Итак, перепись на Руси произошла; между Русью и Джучиевым улусом устанавливаются даннические отношения. Вооруженные «числом» монголы принялись за дело. О том, как это происходило, мы узнаем из последующих летописных записей. В 1262 г. в ряде городских центров Северо-Восточной Руси произошло восстание. При рассказе о нем исследователи обычно пользуются версиями Лаврентьевской летописи, а также Устюжского летописца.
Сообщение Лаврентьевской летописи, которая «дает самую раннюю и наиболее живую картину событий 1262 г.»,[714] состоит из двух частей (как, впрочем, и в ряде других летописей). Первая говорит в целом о причинах восстания и констатирует факт самого восстания, вторая конкретизирует возникшую ситуацию. Рассмотрим начальную часть летописной статьи.
«Избави бог от лютаго томленья бесурменьскаго люди Ростовьския земля, вложи ярость в сердца крстьяномъ, не терпяще насилья поганыхъ изволиша вечь и выгнаша из городов из Ростова, изъ Володимеря, ис Суждаля, изъ Ярославля. Окупахуть бо ти оканьнии бесурмене дани и от того велику пагубу людемъ творяхуть, роботяще резы и многы души крстьяньскыя раздно ведоша. Видевше же человеколюбець Бог, послуша моленьа Материя избави люди своя от великыя беды».[715]
Известие Лаврентьевской летописи показывает нам непосредственные последствия переписи 1257 г., так сказать, в действии. Мы видим средства и методы, которые использовались монголами при сборе дани с населения северо-восточных городов. Оказывается, сбор дани был отдан на откуп «бесурменам». Под «бесурменами» здесь понимаются мусульманские купцы.

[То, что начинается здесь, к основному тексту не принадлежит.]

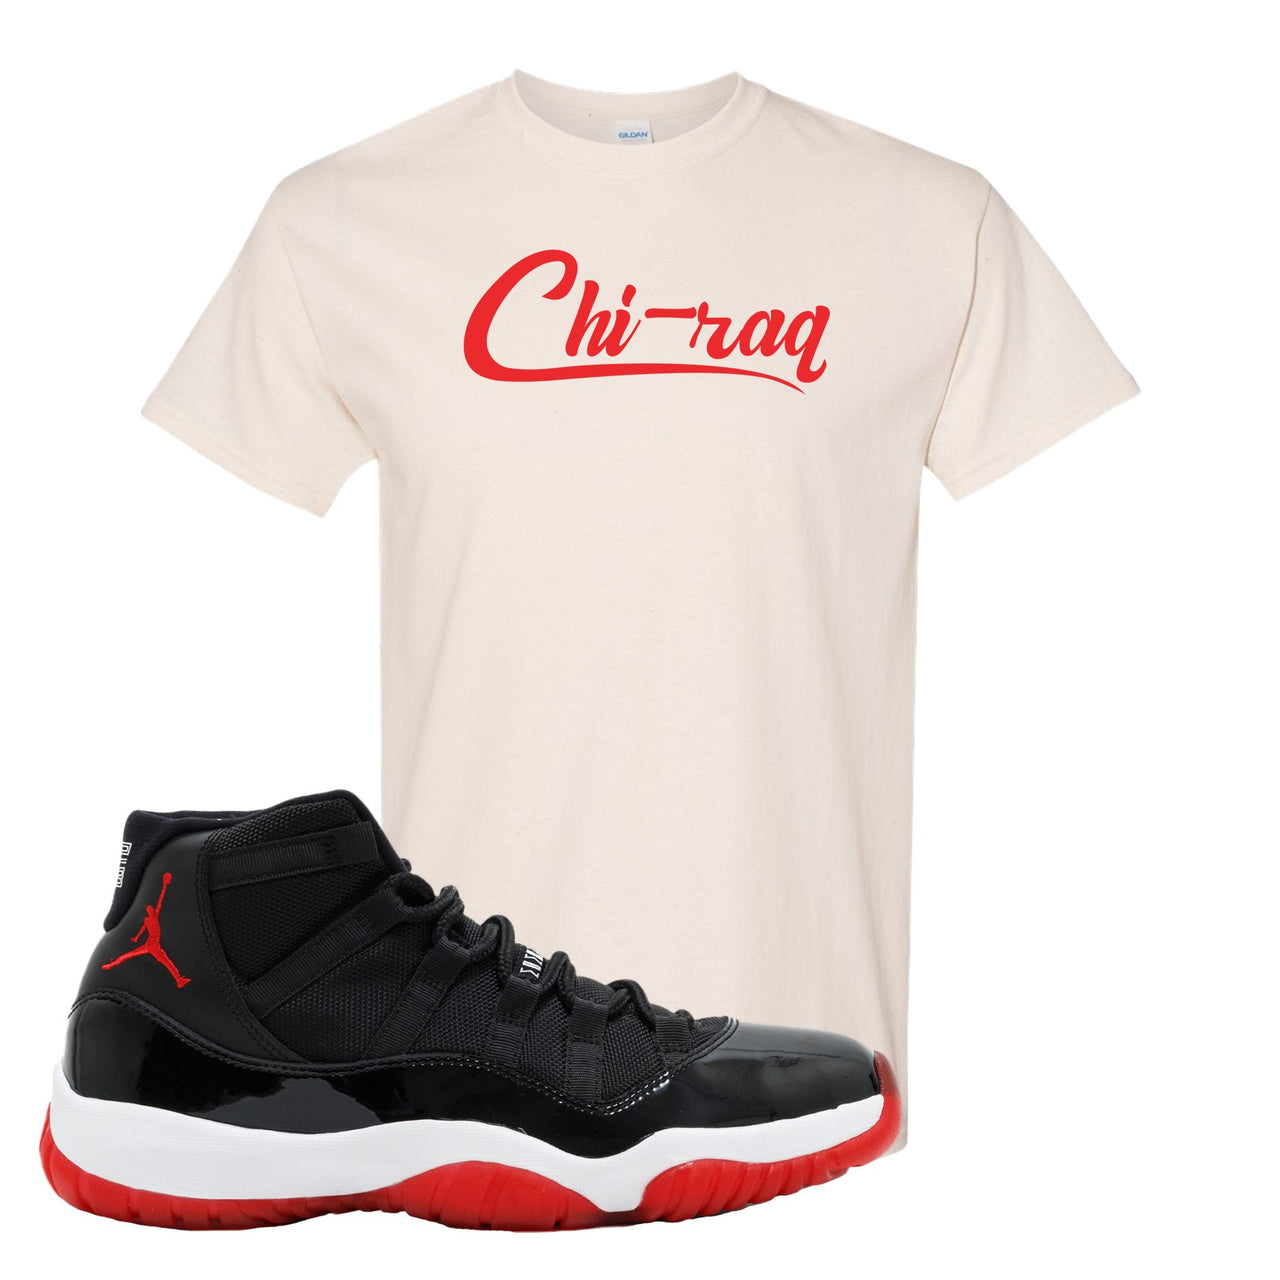 Jordan 11 Bred Chi-raq White Sneaker Hook Up T-Shirt

По А.Ю. Якубовскому, купцы-мусульмане[716] еще до завоевания Средней Азии Чингис-ханом поддерживали монголов.[717] Многие из них, часто бывая в Монголии, «вели непосредственную торговлю с монголами». «А некоторые из этих купцов, вернее из купеческих компаний, так прочно связали себя с интересами торгово-денежных отношений Восточной Азии, что держали в своих руках даже торговлю между Монголией и Китаем».[718] Более того, мусульманские купцы играли огромную роль и во властных структурах монгольской государственности.[719] А.Ю. Якубовский приводит широко известный пример, что более 75 лет Туркестан находился фактически на откупе у крупного торгового дома: сначала (до 1238 г.) у богатого купца Махмуда-Ялавача, а затем до 1289 г. его сына Масуд-Бека. Эти «купцы-откупщики были фактически настоящими правителями огромной страны».[720] Известно также, что другой мусульманин — Абдурахман занимался откупническими операциями в Китае.

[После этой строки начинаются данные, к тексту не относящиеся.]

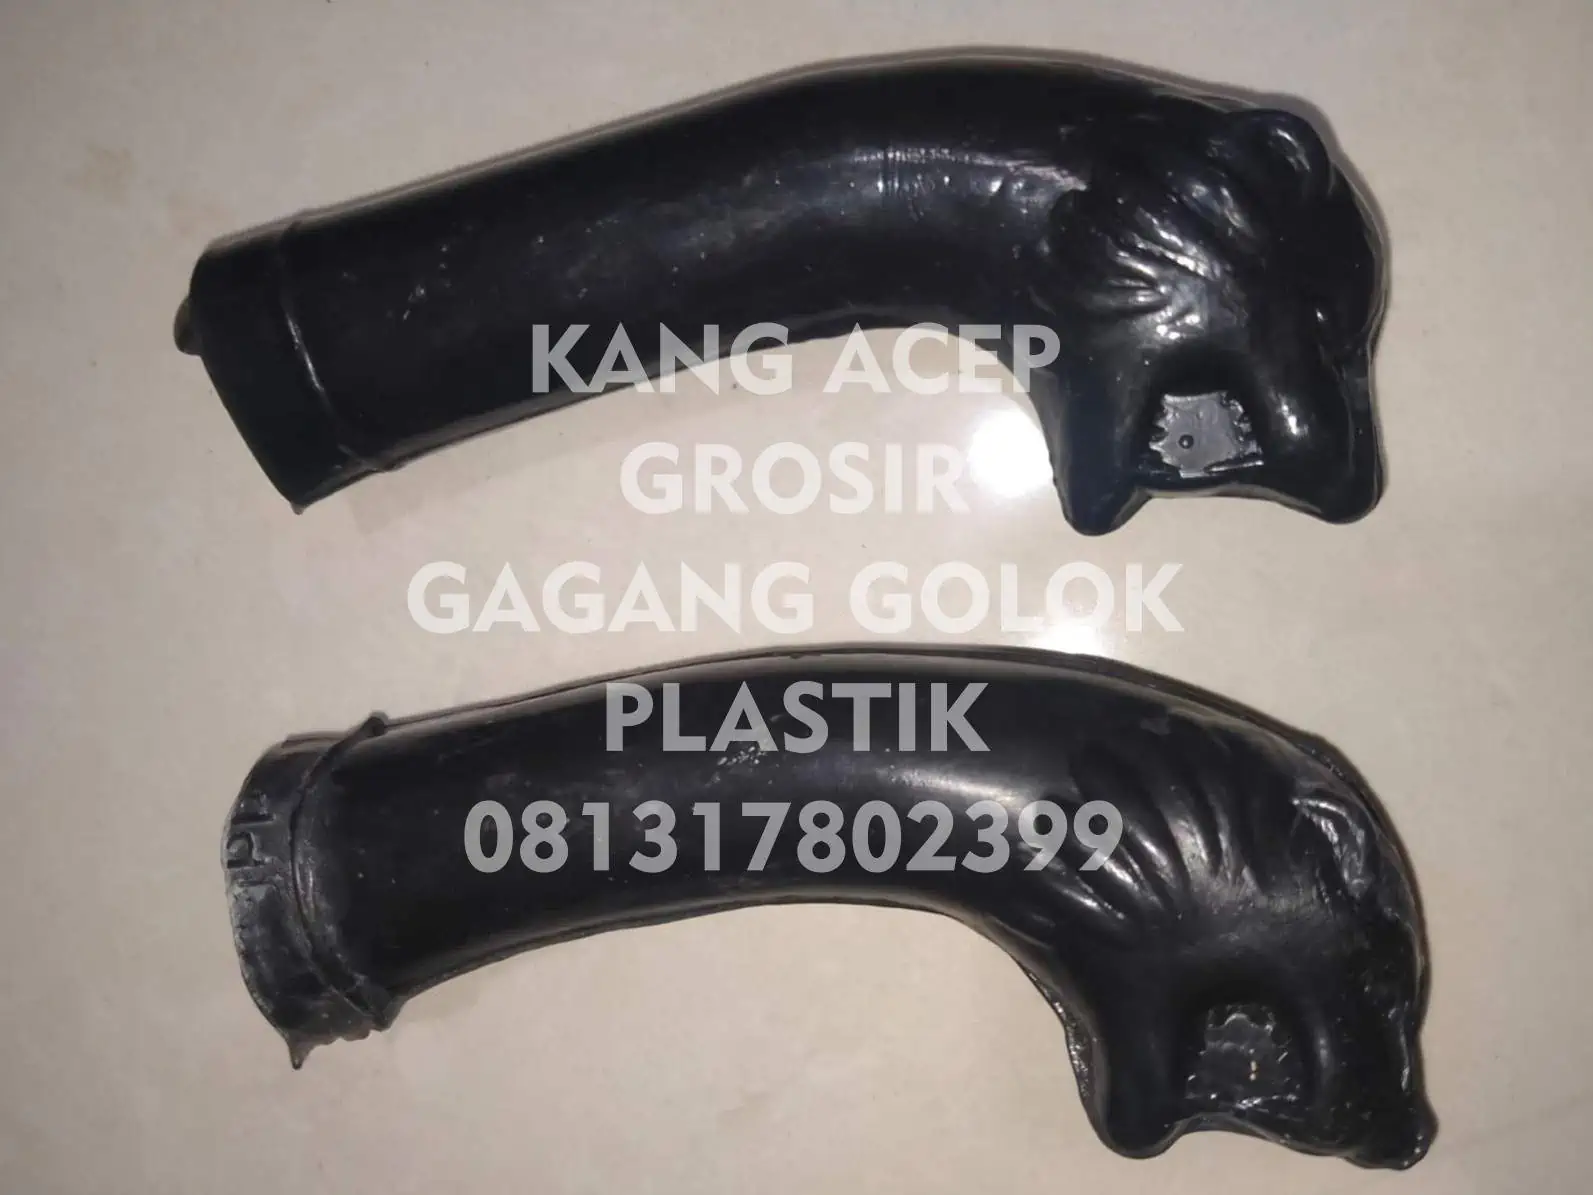 Grosir Gagang Golok Plastik di Bandung Model Kepala Singa Hitam

Как видим, монголы Золотой Орды аналогичные принципы налогового сбора использовали и на Руси. Русь не стала исключением, и ее, видимо, на рубеже 50–60-х годов XIII в. наводнили знающие свое дело мусульманские купцы-откупщики.[721] «Пожалуй, нигде в монгольской империи мусульманские купцы не получили такого признания и таких выгод, как в Золотой Орде при Бату и его преемнике Берке-хане».[722] Вот и на Руси «окупахуть бо ти оканьнии бесурмене дани и от того велику пагубу людемъ творяхуть: роботяще резы и многы души крстьяньскыя раздно ведоша». В этих горьких словах слышится живой голос современника, сообщающего о сборе дани, при котором творились насилия и злоупотребления. Насилия были следствием того, что русский народ не мог примириться с «томящими» их иноземцами-иноверцами, принесшими новые порядки.

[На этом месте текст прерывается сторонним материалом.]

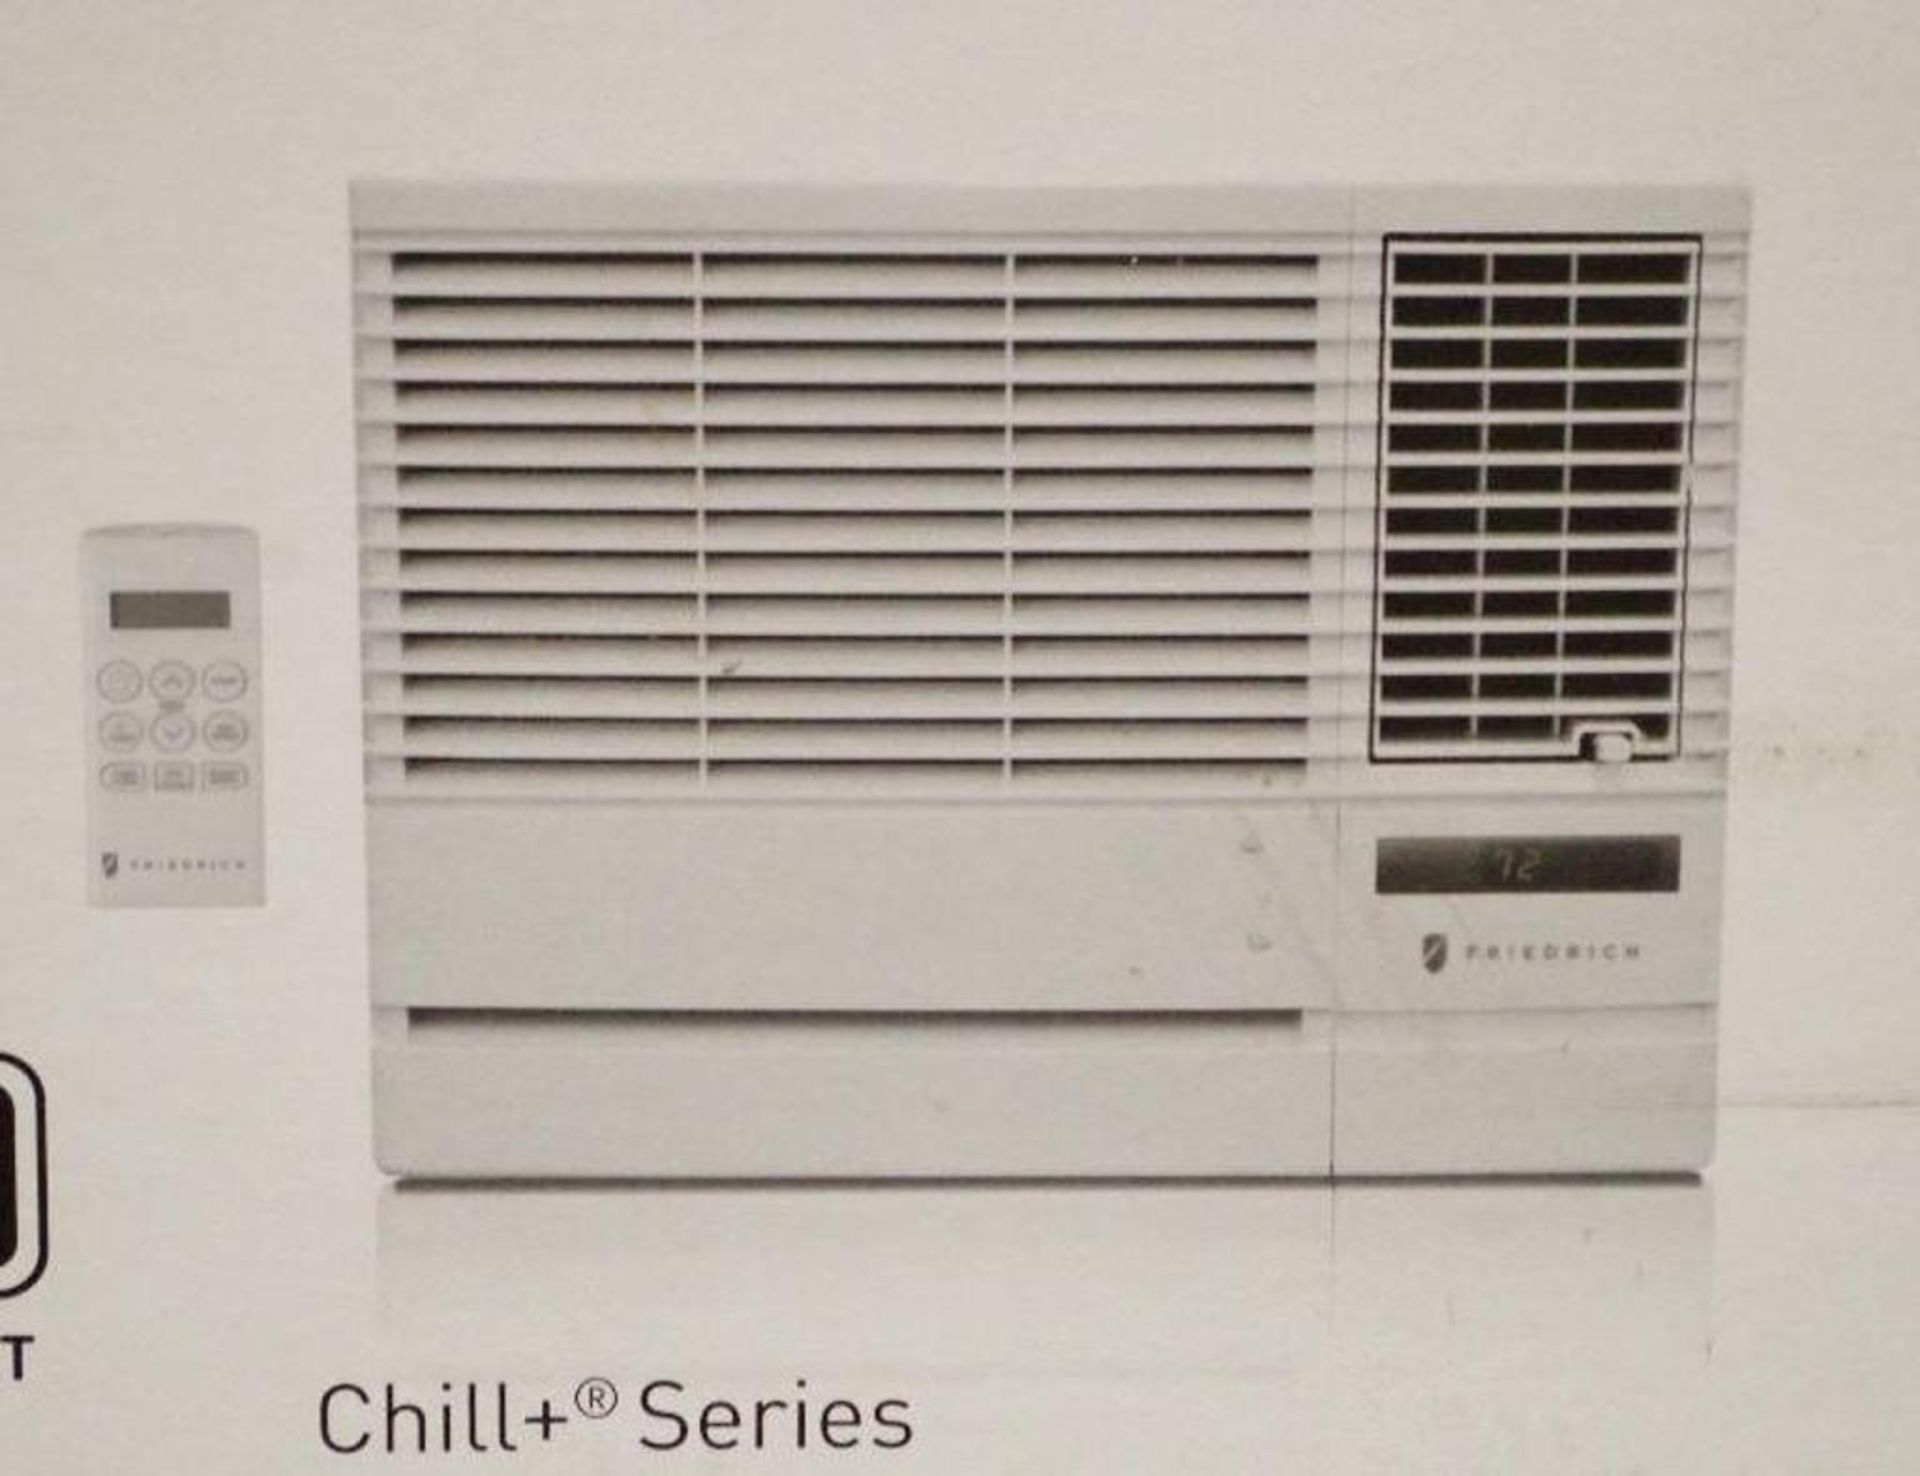 FRIEDRICH Electric Window Air Conditioner w/ Heat M/N EP08G11 - Image 6 of 7

Во второй части летописного известия, излагающего конкретные обстоятельства, связанные с восстанием, нас прежде всего привлекает сообщение о приезде ханского представителя. «Бе бо тогда титям приехалъ от цесаря Татарьского именем Кутлубии золъ сыи бесурменинъ».[723] Здесь очень много непонятного. Что такое или кто такой «титям» или «титяк»? К кому относится имя «Кутлубий» — к «титяму» или к «цесарю Татарьскому»? Кто такой сам «цесарь Татарьский» — великий или ордынский хан? Не только не вносят ясность, но, наоборот, запутывают дело другие летописи. В Воскресенской, например, читаем: «Бе бо того лета приехалъ Титямъ посломъ на Русь отъ царя Татарскаго, именем Кутлубий».[724] Симеоновская летопись дает такой текст: «Бе тогда приехалъ титамъ на Русь отъ царя Татарскаго, именем Кутлубии».[725]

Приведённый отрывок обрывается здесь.